Emilia stepped forward. “The kind of woman who noticed her husband was surrounded by thieves.”
Security entered before Vanessa could reply. Two officers stood by the door. Human Resources followed shortly after.
Niklas remained composed. “Escort Ms. Kohl to her office. Supervise the removal of her personal belongings, block her access, and secure all devices for legal review.”
Vanessa stared at him. “Do you think this will end with me?”
Emilia immediately picked up on the phrasing. Not confusion—a threat.
Niklas heard it too. “Who else?”
Vanessa smiled weakly. “Check your head of procurement. Review the consulting contracts. Check who signed them while you were too busy to appear untouchable.”
Within an hour, the external lawyers returned. Documents were locked. Email access for several senior employees was suspended. What Niklas had wanted to keep secret expanded into a full-blown investigation.
Around midnight, there was enough evidence to hand the case over to the public prosecutor’s office: manipulated tenders, bribes, fraudulent suppliers, forged permits—all coordinated through administrative channels.
Emilia stayed—not because Niklas asked her to, but because the truth was finally out.
Around 1:00 a.m., they stood alone in his office. The city lights burned coldly outside.

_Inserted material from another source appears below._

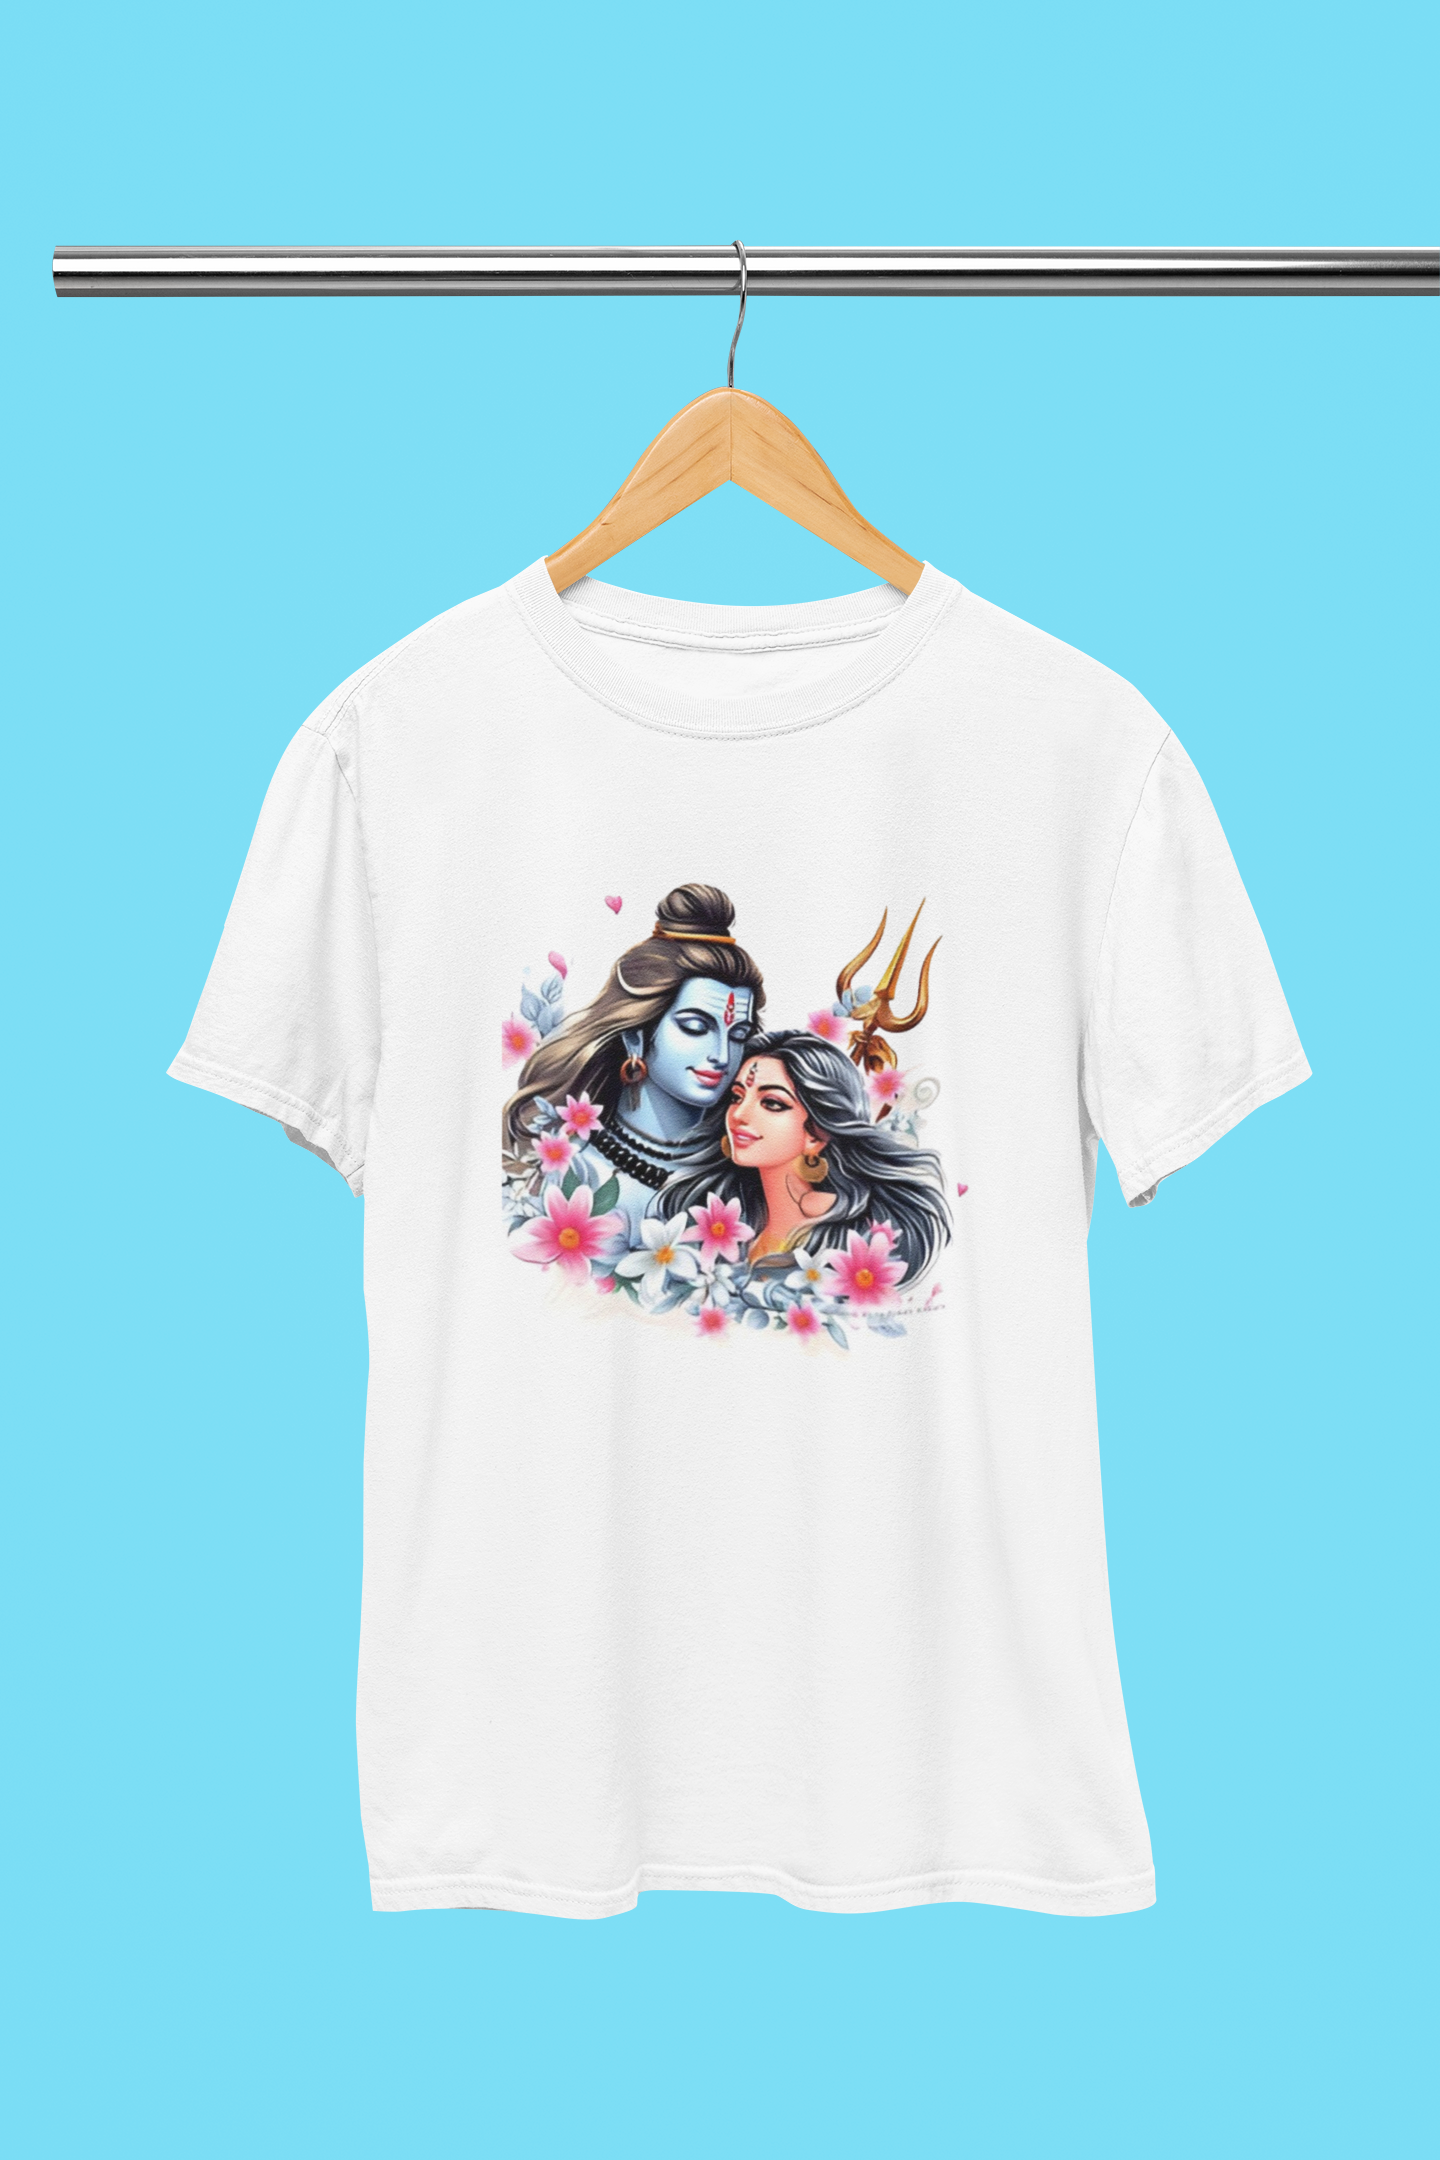 Lord Shiva Parvati Shivaratri T-Shirt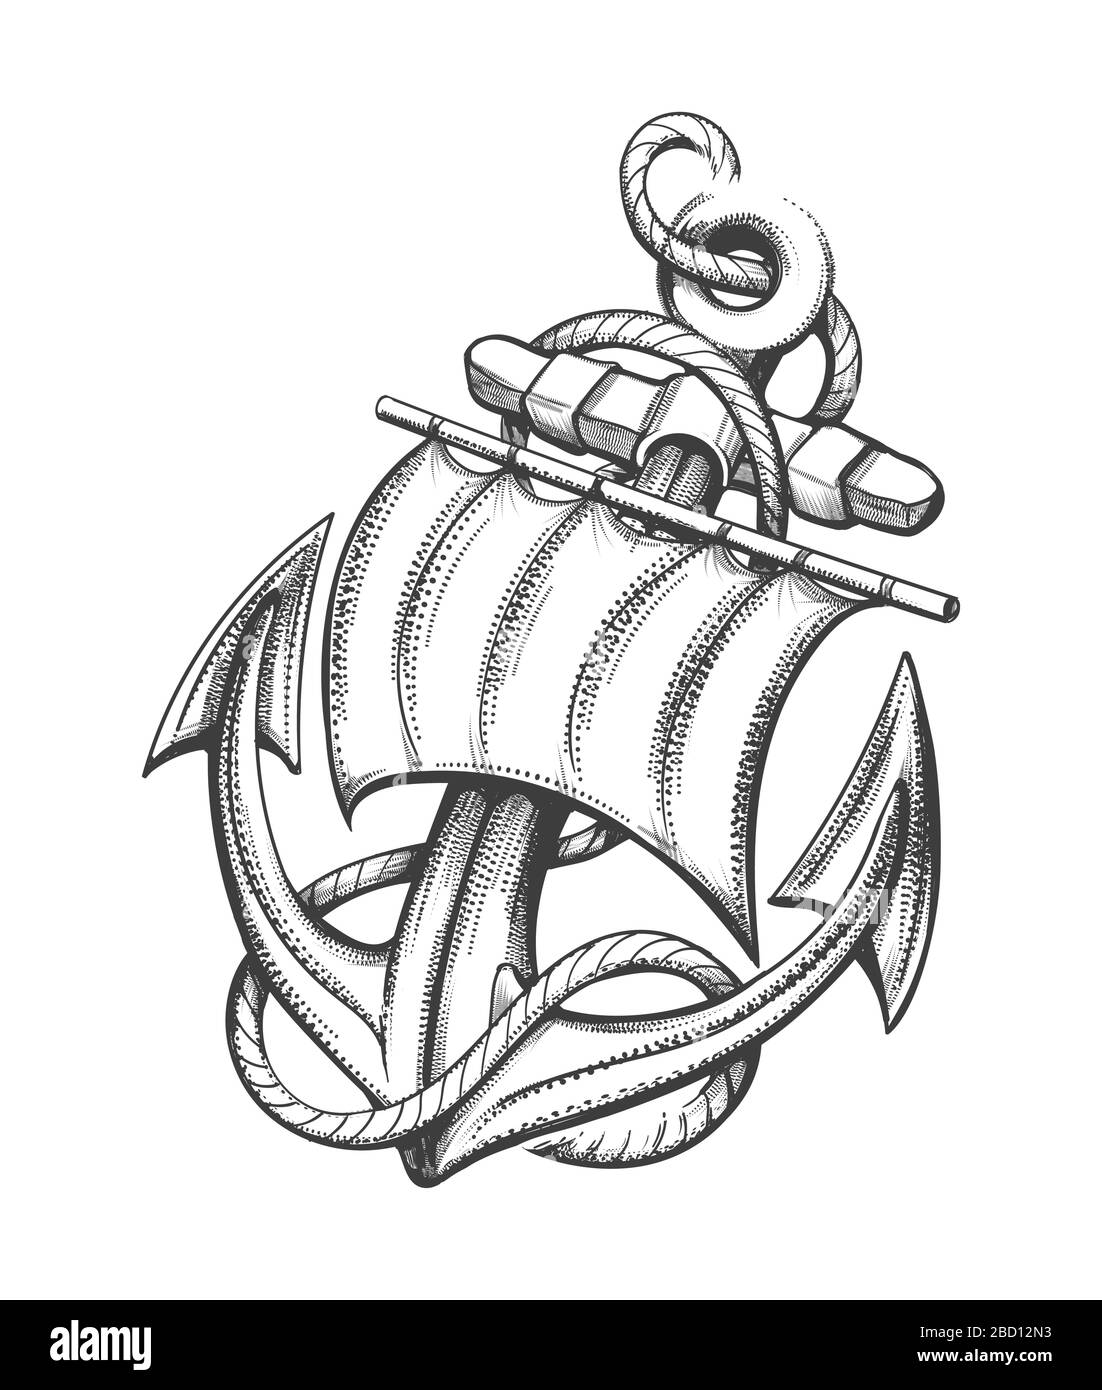 Bateau Anchor avec voile et cordes Tattoo dessiné en style Gravure. Illustration vectorielle. Illustration de Vecteur

“I should have seen it sooner,” Niklas said.
“You should have seen a lot of things sooner,” Emilia replied.
He accepted this in silence. After a pause, he said, “I never cheated on you with her.”
Emilia looked at him. “I believe you now.”
It wasn’t forgiveness. Just the truth, separated from the wreckage.
“And what about us?”
She let the silence sink in. “We won’t automatically become something again just because your secretary was delusional and your procurement team was corrupt.”
A faint, tired smile flickered across his face.
“That sounds like you.”
“That’s because I never pretended to be someone else for long.”
He studied her. “Are you leaving again?”
Emilia glanced at the stack of confiscated files. “Tomorrow I’ll still be an employee at the company. Someone probably needs to finalize the quarterly reports.”
He exhaled softly. “My wife as an undercover agent in my own company.”
“Separated wife,” she corrected. “Don’t get sentimental.”
She paused at the door. “Vanessa was right about one thing. Your company was essentially a place where people covered for your negligence. That ends now—or everything else will.”
Then she left.
The following week, Vanessa Kohl’s arrest made regional headlines. Two executives resigned even before they received their summonses. Halstein Innovations survived—battered, but resilient.
The mark on Emilia’s cheek faded after two days.
What lay beneath it took longer.
But for the first time in almost a year, the lies were gone—and that was a start neither of them could fake.